▶ TASK DETAILS:
Leave out the images and return all the data word for word.

▶ EXERCISE DATA:
──────
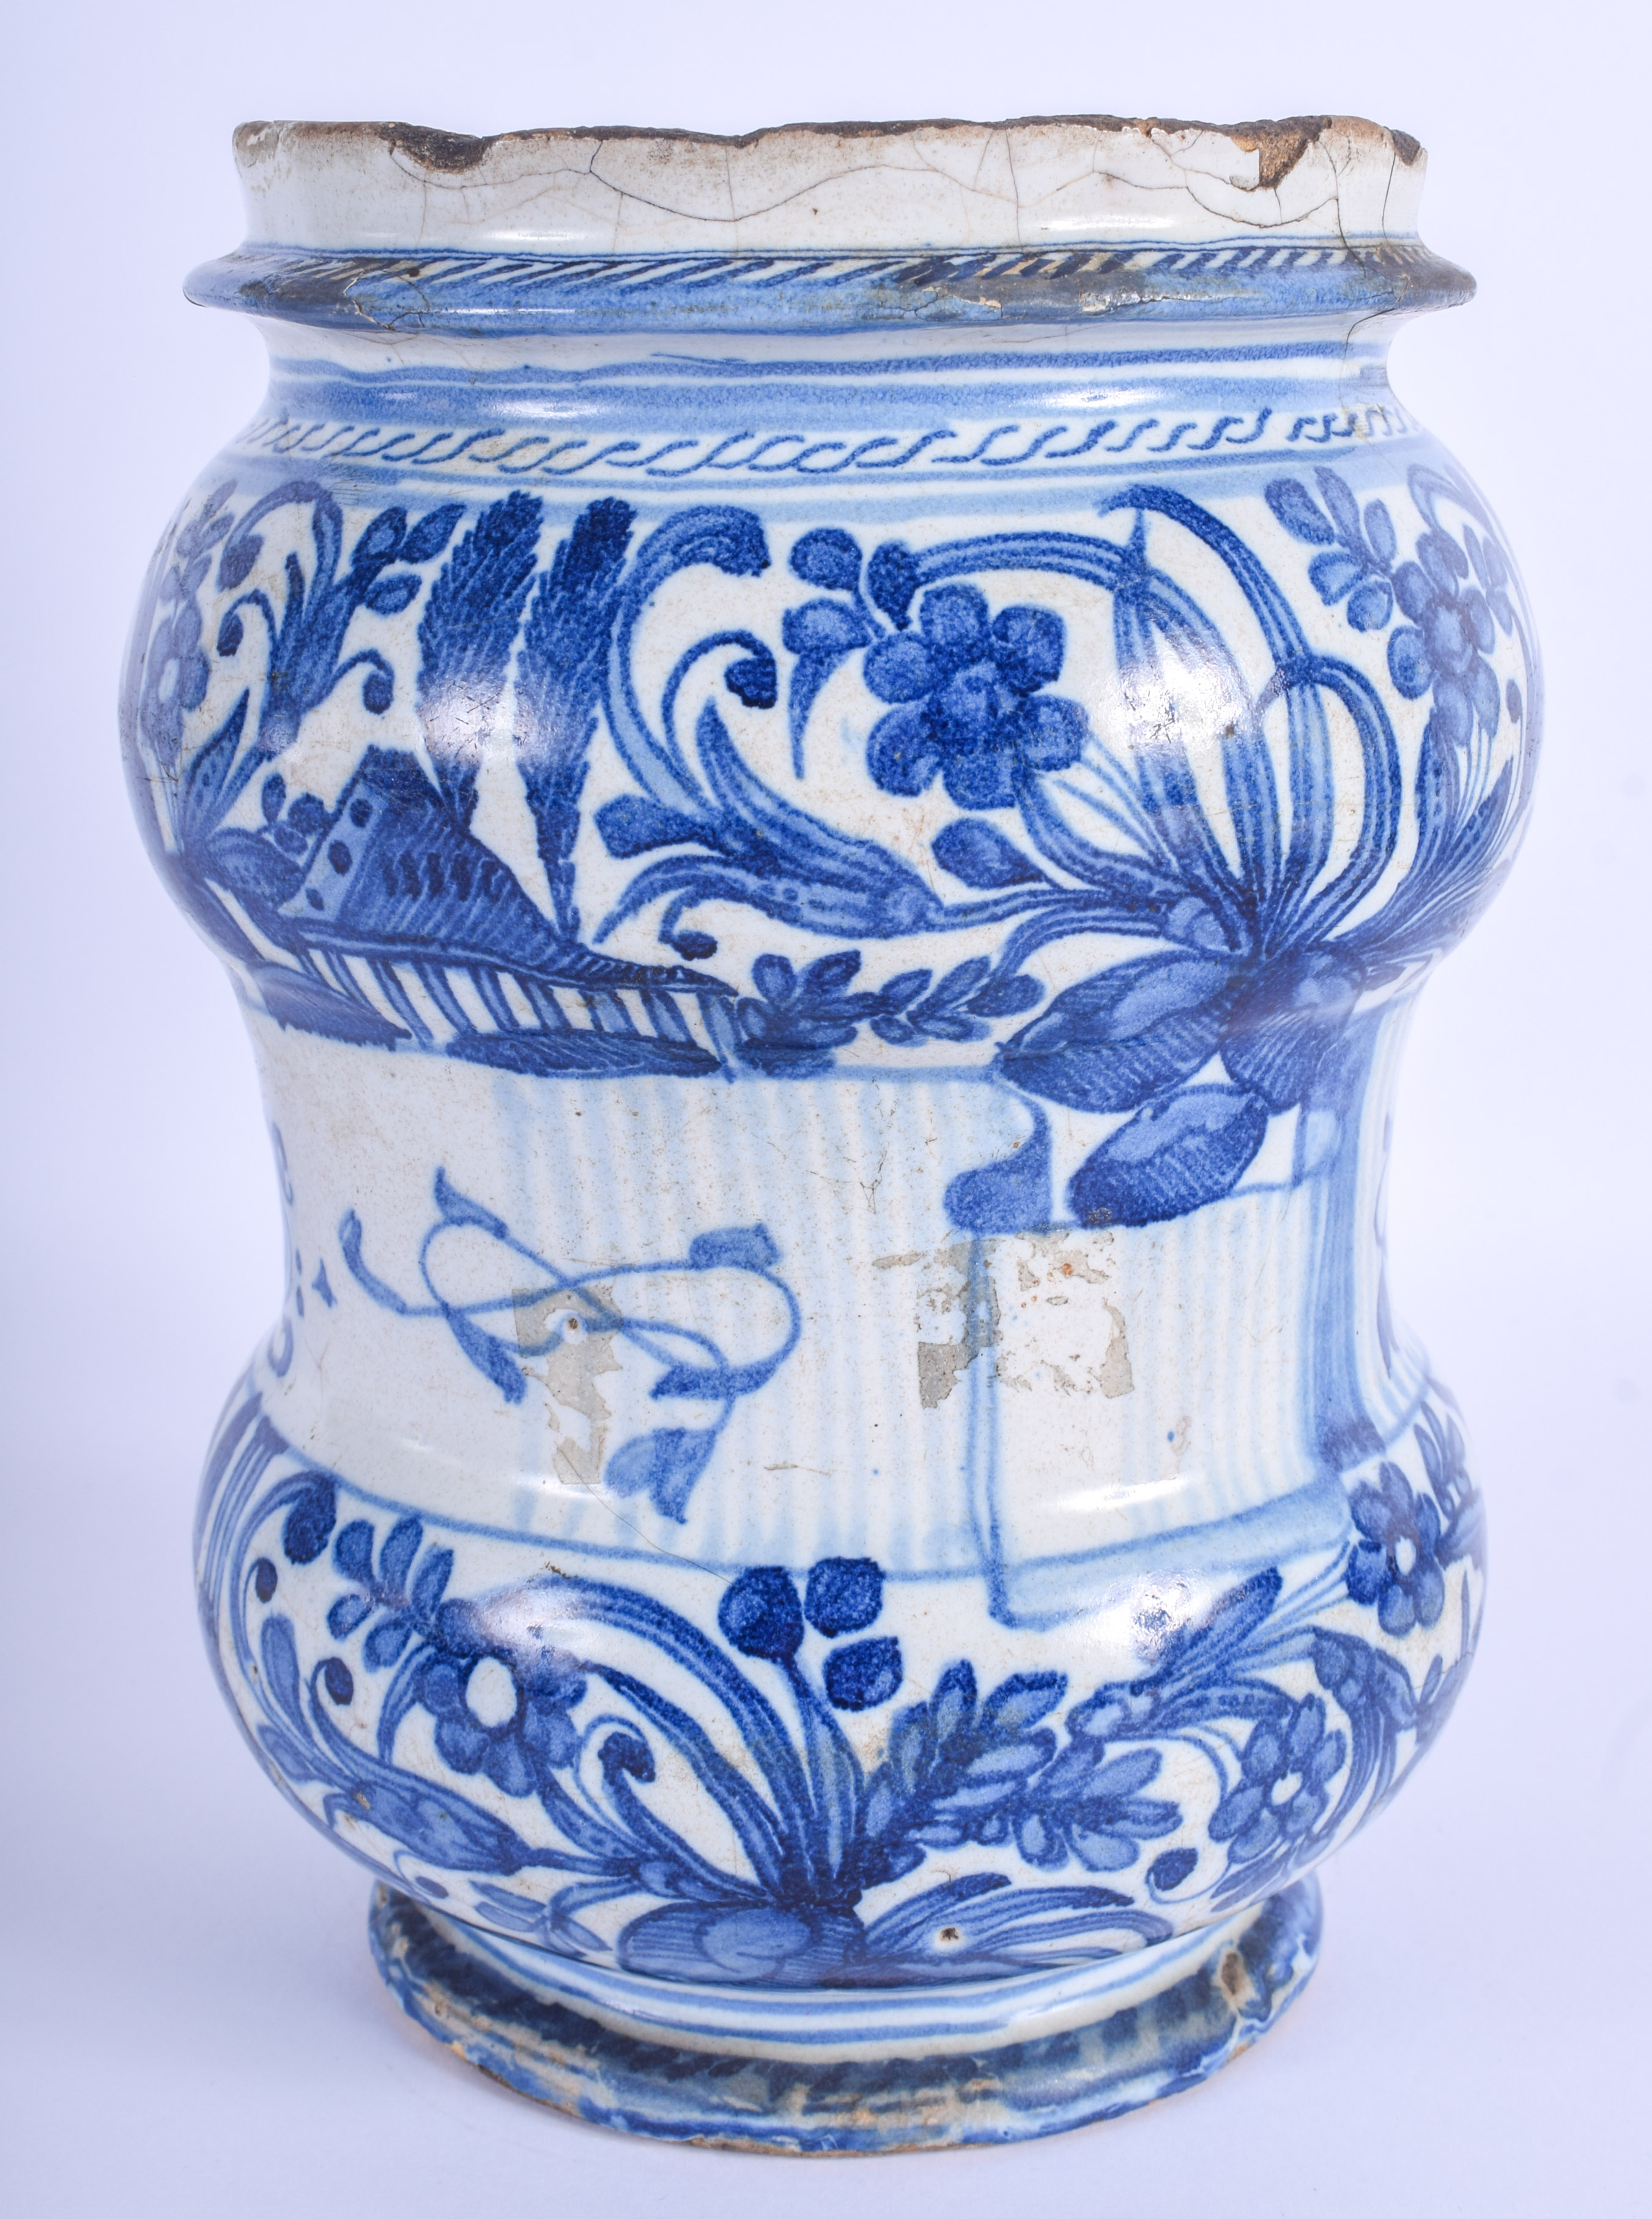 A 17TH/18TH CENTURY SOUTH EUROPEAN MAJOLICA ALBARELLO FAIENCE JAR Italian or Spanish, painted with h - Image 2 of 3
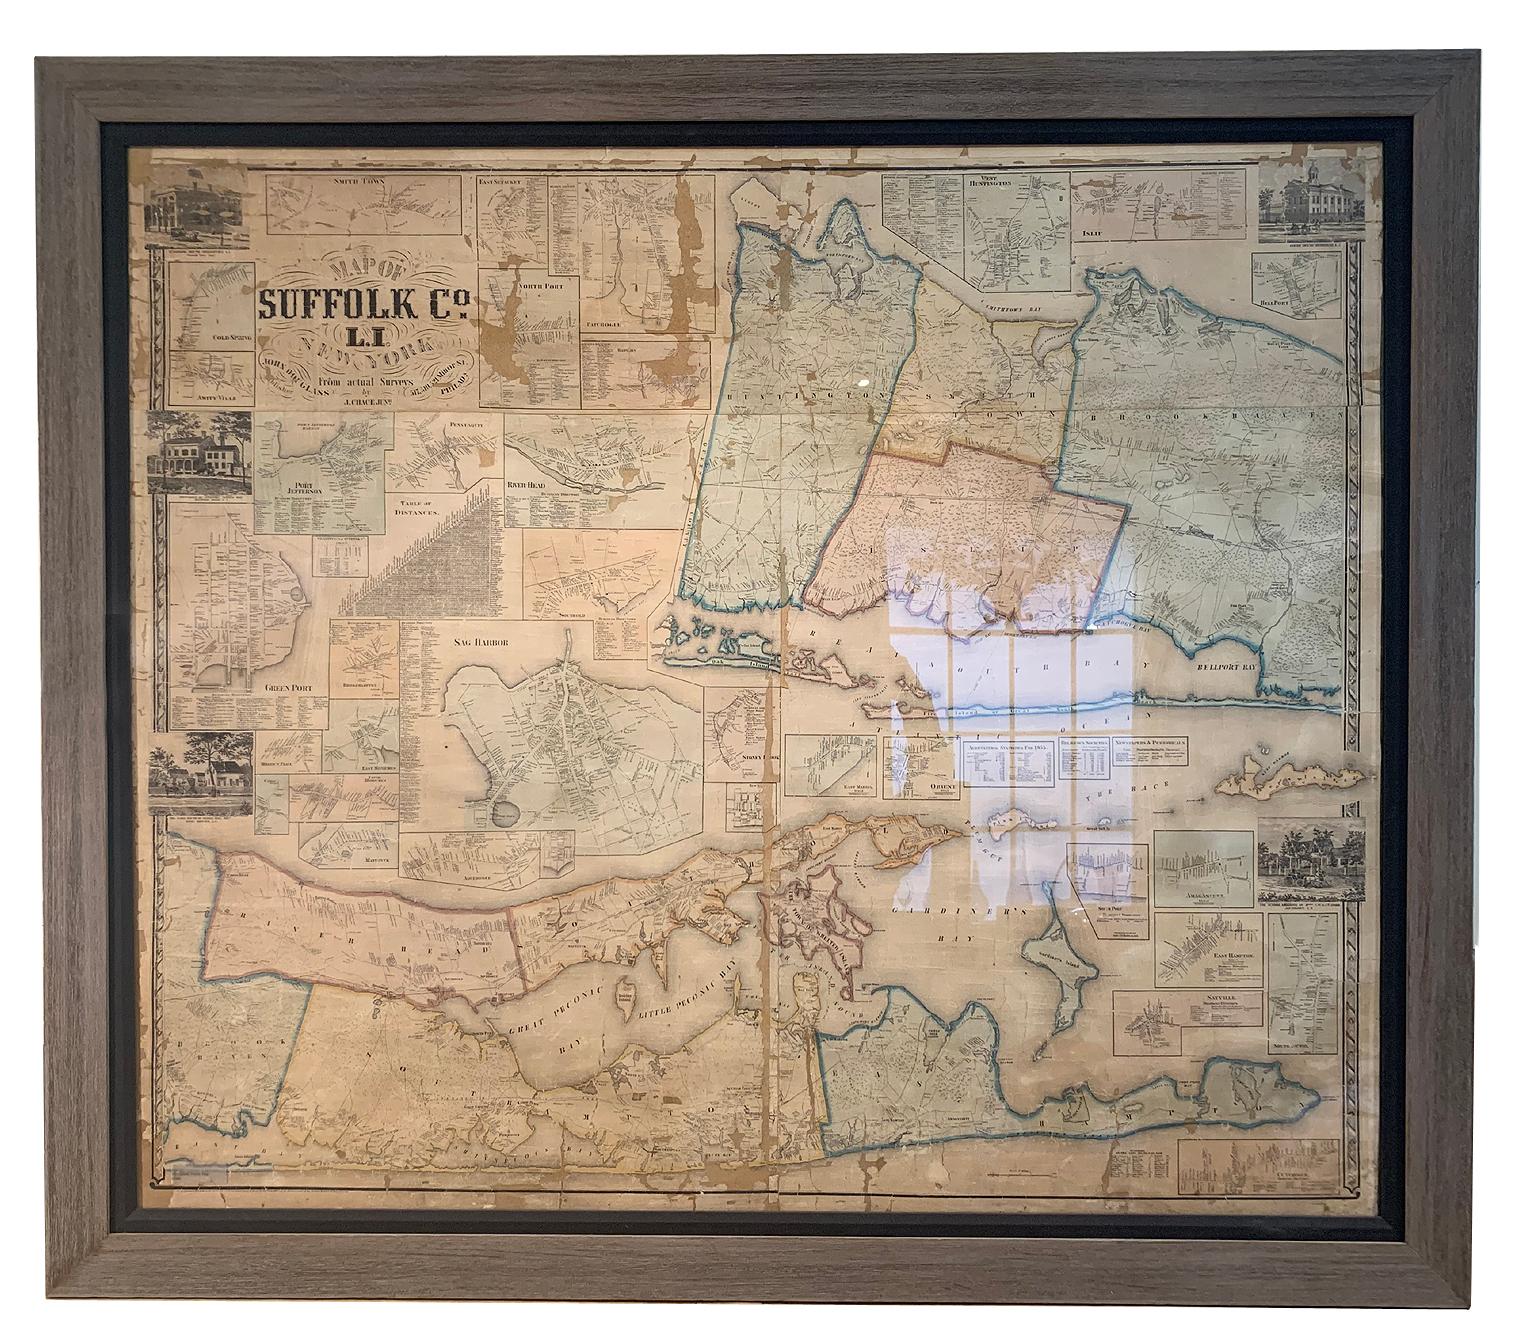 A Framed museum quality find. This large wall map dates to the mid-1800s. Detailed inset maps of, Sag Harbor, East Hampton, Amegansett, Shelter Island and most villages in Long Island. It also has agriculture stats for 1855. Detailed prints of homes
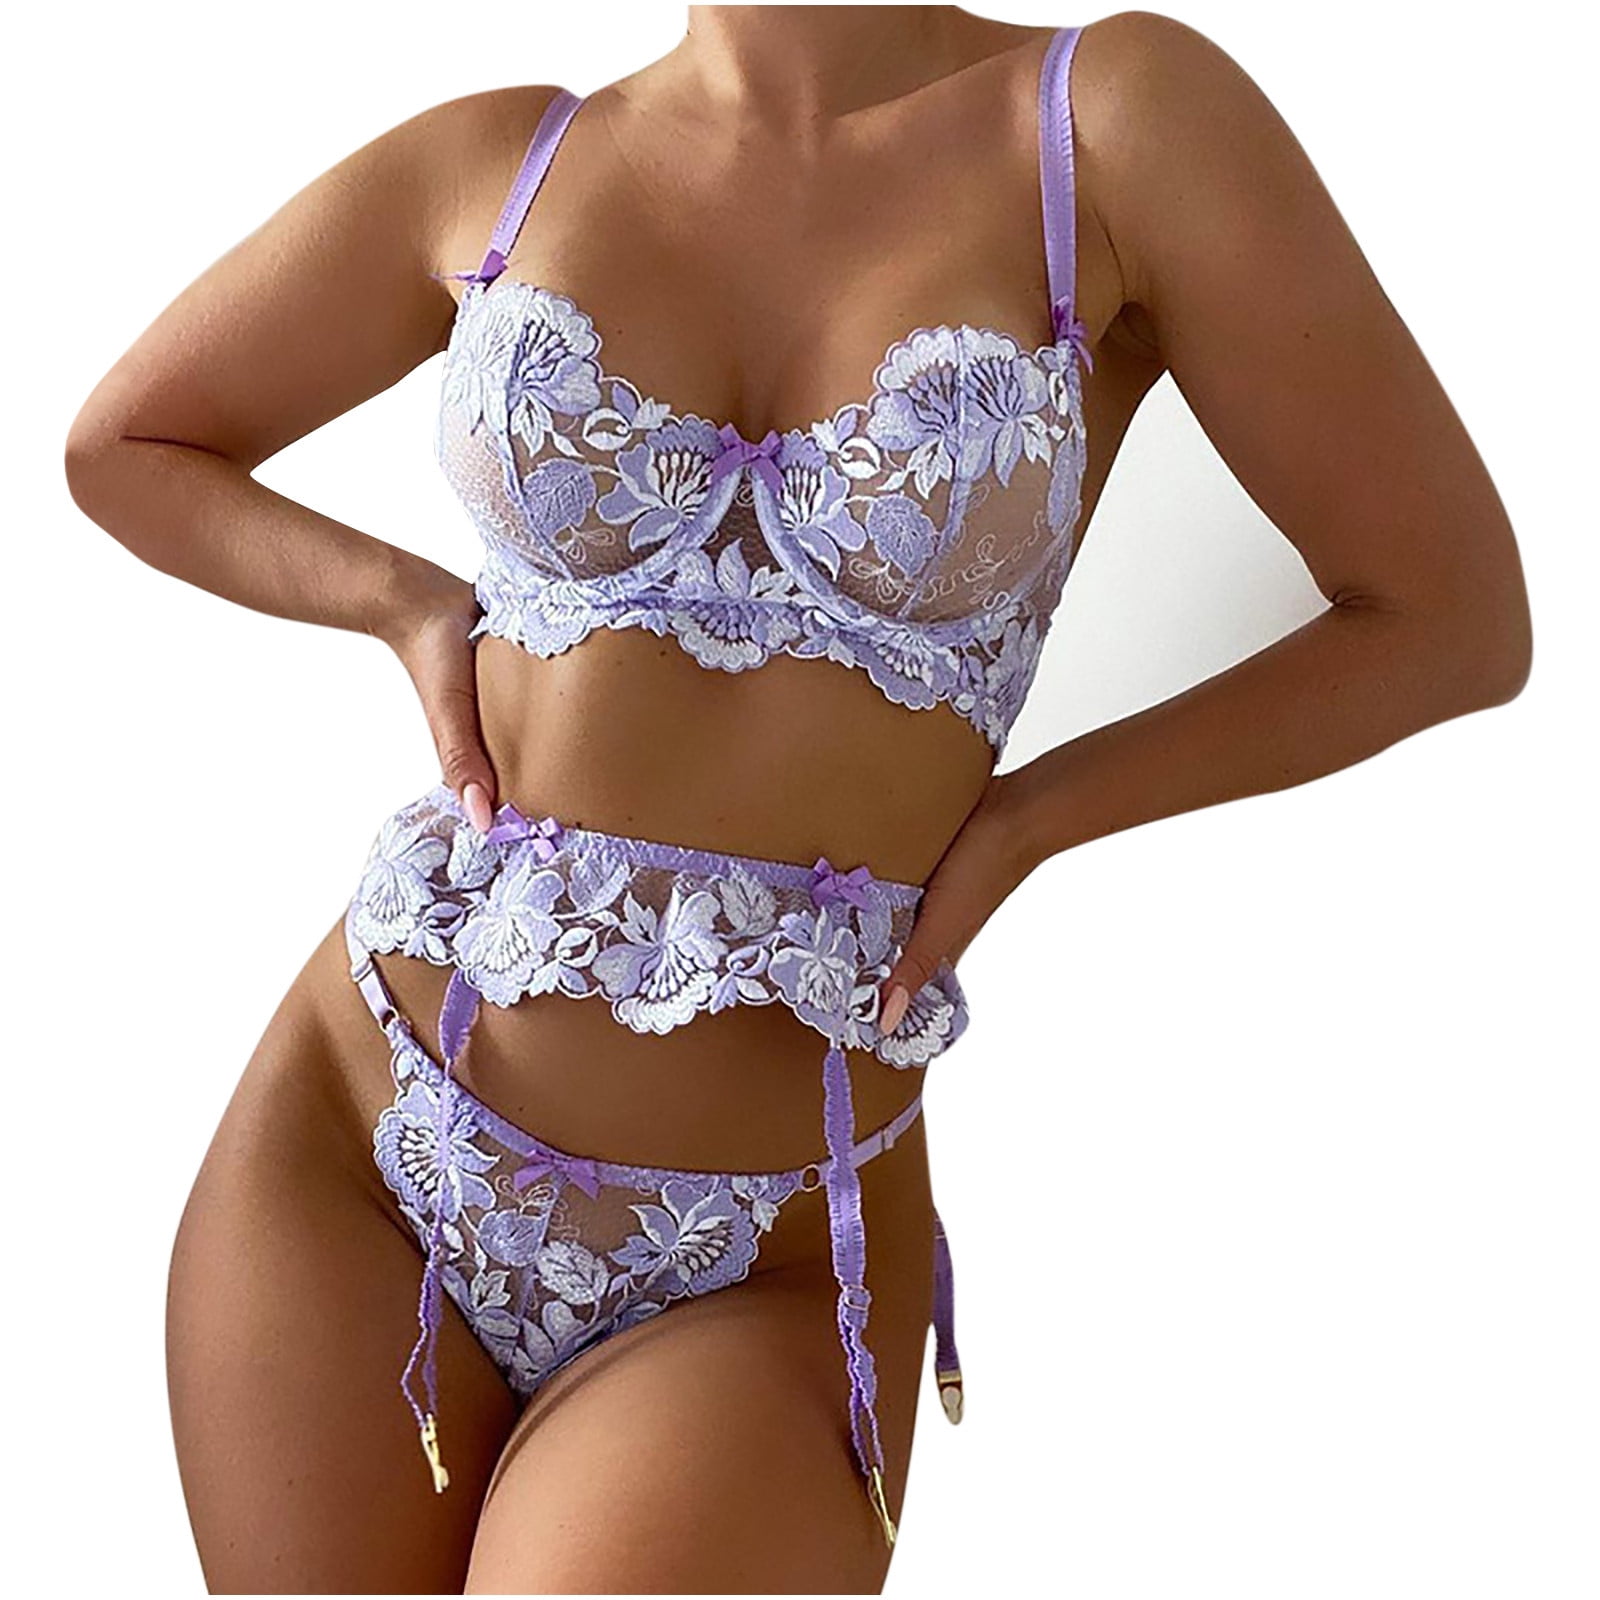 VerPetridure Sexy Lingerie for Women Plus Size Fashion Women Sexy Lace  Underwear Pajamas Embroidered Ladies Intimates Set
──────
▶ RESPONSE:
 A 17TH/18TH CENTURY SOUTH EUROPEAN MAJOLICA ALBARELLO FAIENCE JAR Italian or Spanish, painted with h - Image 2 of 3
 A Framed museum quality find. This large wall map dates to the mid-1800s. Detailed inset maps of, Sag Harbor, East Hampton, Amegansett, Shelter Island and most villages in Long Island. It also has agriculture stats for 1855. Detailed prints of homes
 VerPetridure Sexy Lingerie for Women Plus Size Fashion Women Sexy Lace  Underwear Pajamas Embroidered Ladies Intimates Set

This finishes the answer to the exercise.